### COLLECTED MATERIAL
= = = = =

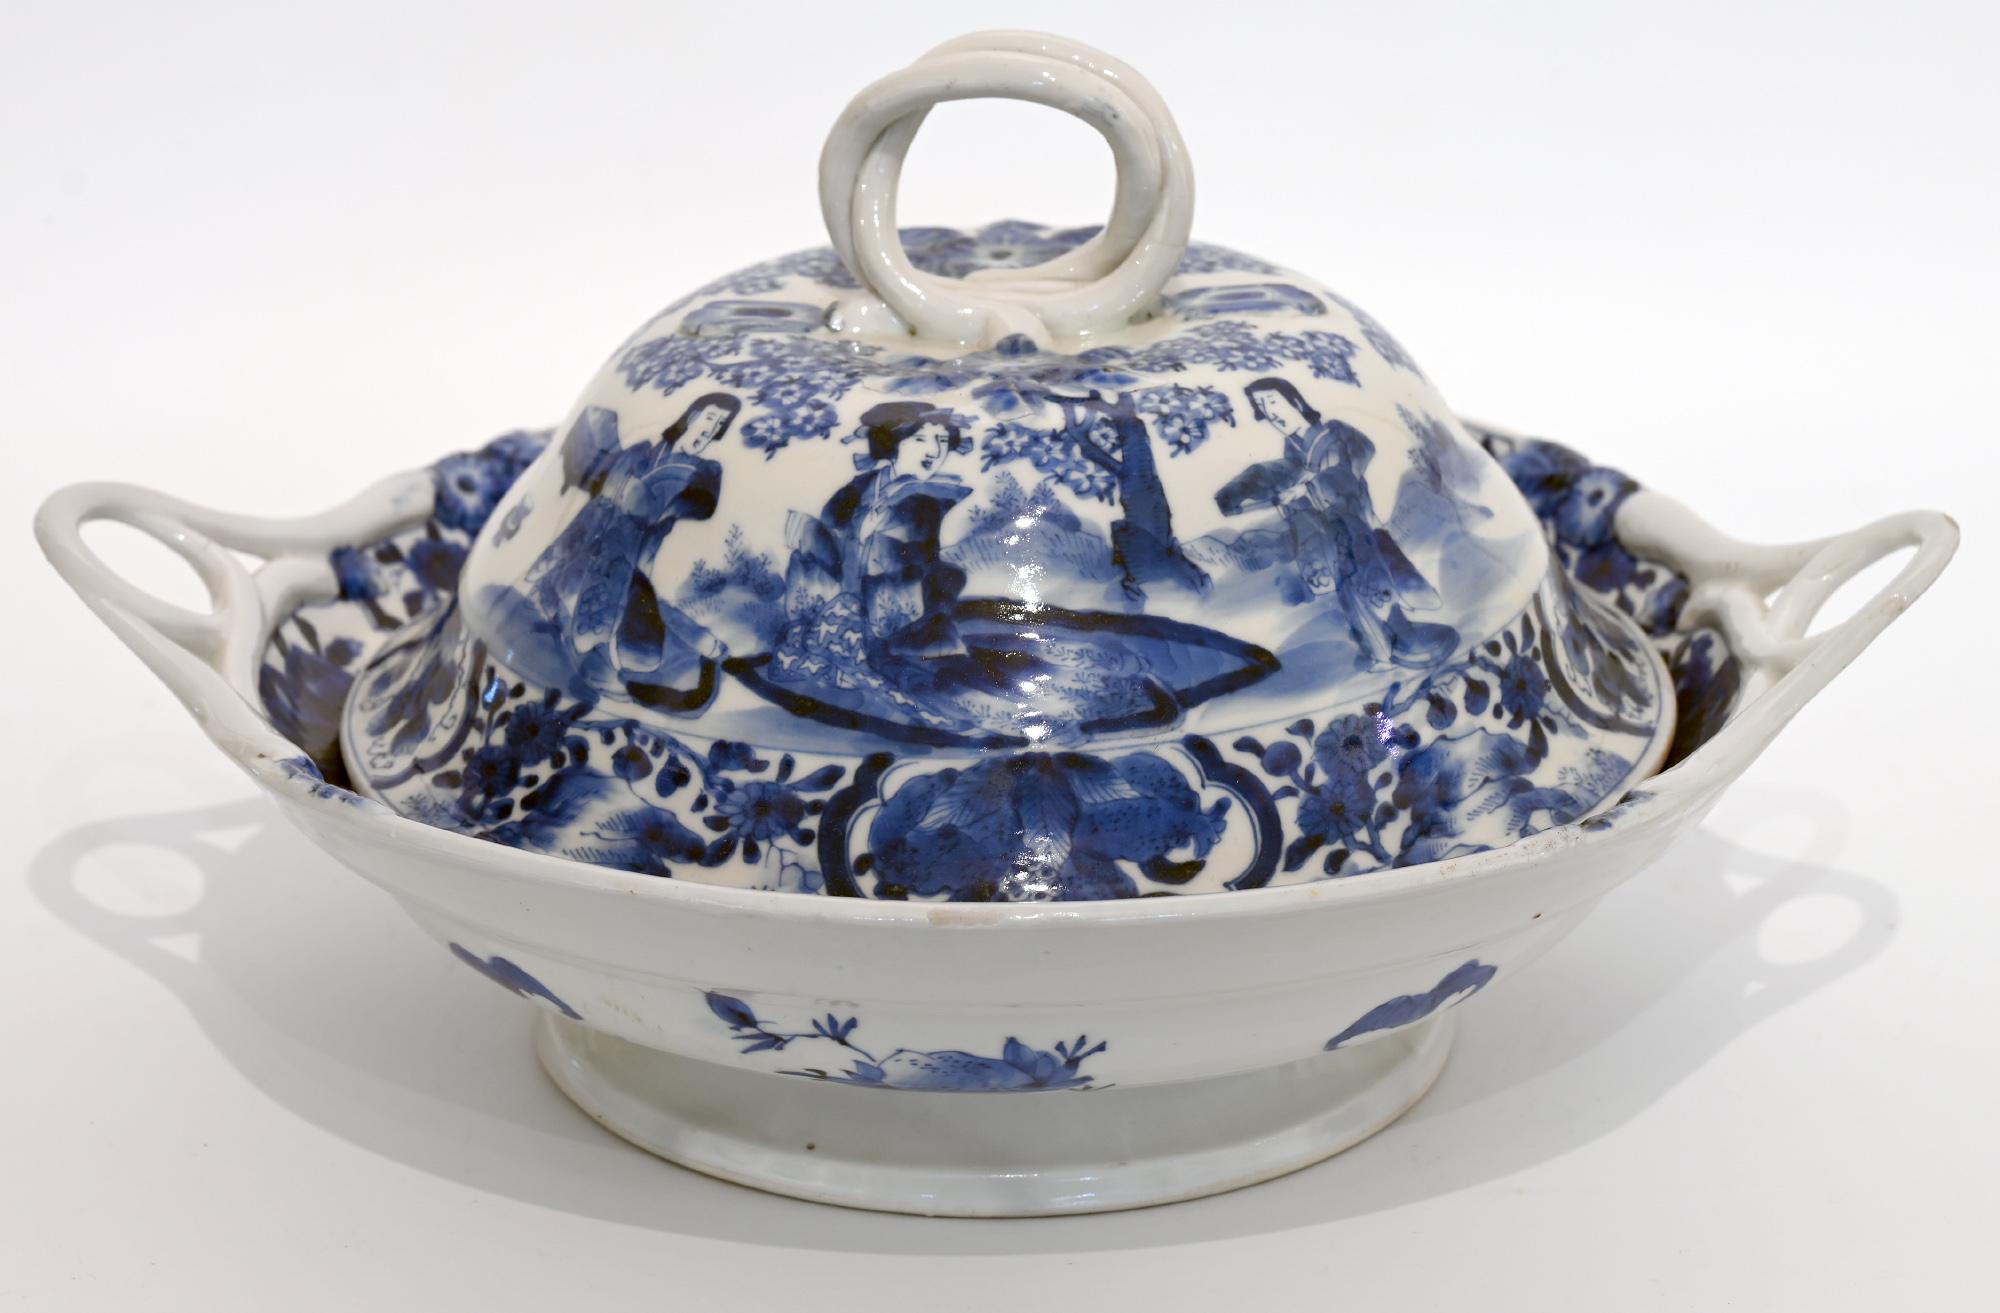 Ein ungewöhnlicher und sehr dekorativer Satz von 19 Tellern, Platten und Deckeltellern in Blau und Weiß;
China, 18. Jahrhundert
Kann sehr gut mit weißem Porzellan kombiniert werden, wie auf einem Foto zum Beispiel mit weißen Tellern von Meissen
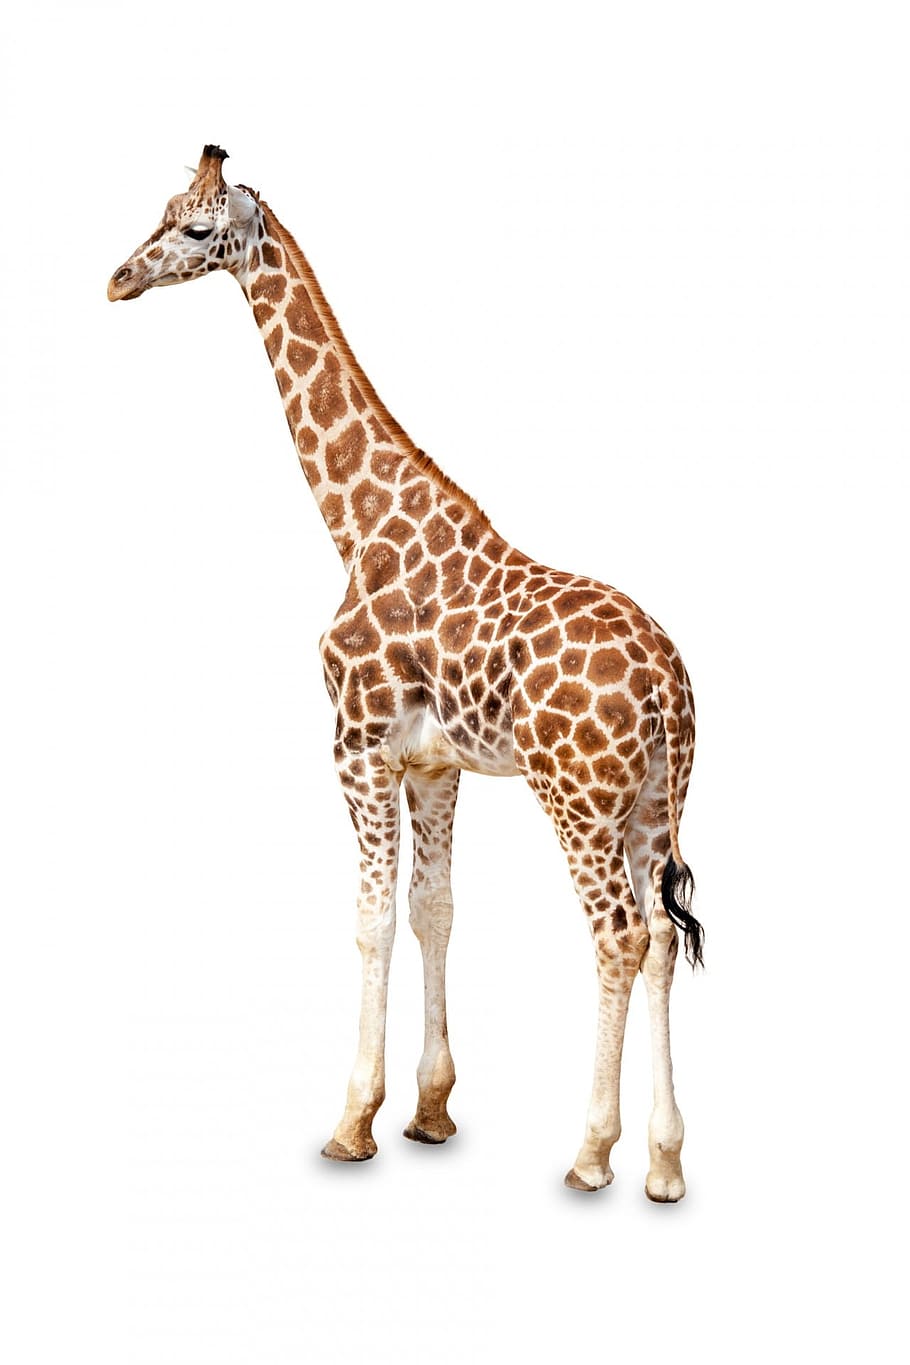 jirafa adulta, áfrica, africano, animal, grande, marrón, de pie, lindo, orejas, cara

= = = = =

Transcribe exactly the lines above, running from the one that contains "Kann sehr gut" through the final line of the listing, and skip every picture.

Kann sehr gut mit weißem Porzellan kombiniert werden, wie auf einem Foto zum Beispiel mit weißen Tellern von Meissen
 jirafa adulta, áfrica, africano, animal, grande, marrón, de pie, lindo, orejas, cara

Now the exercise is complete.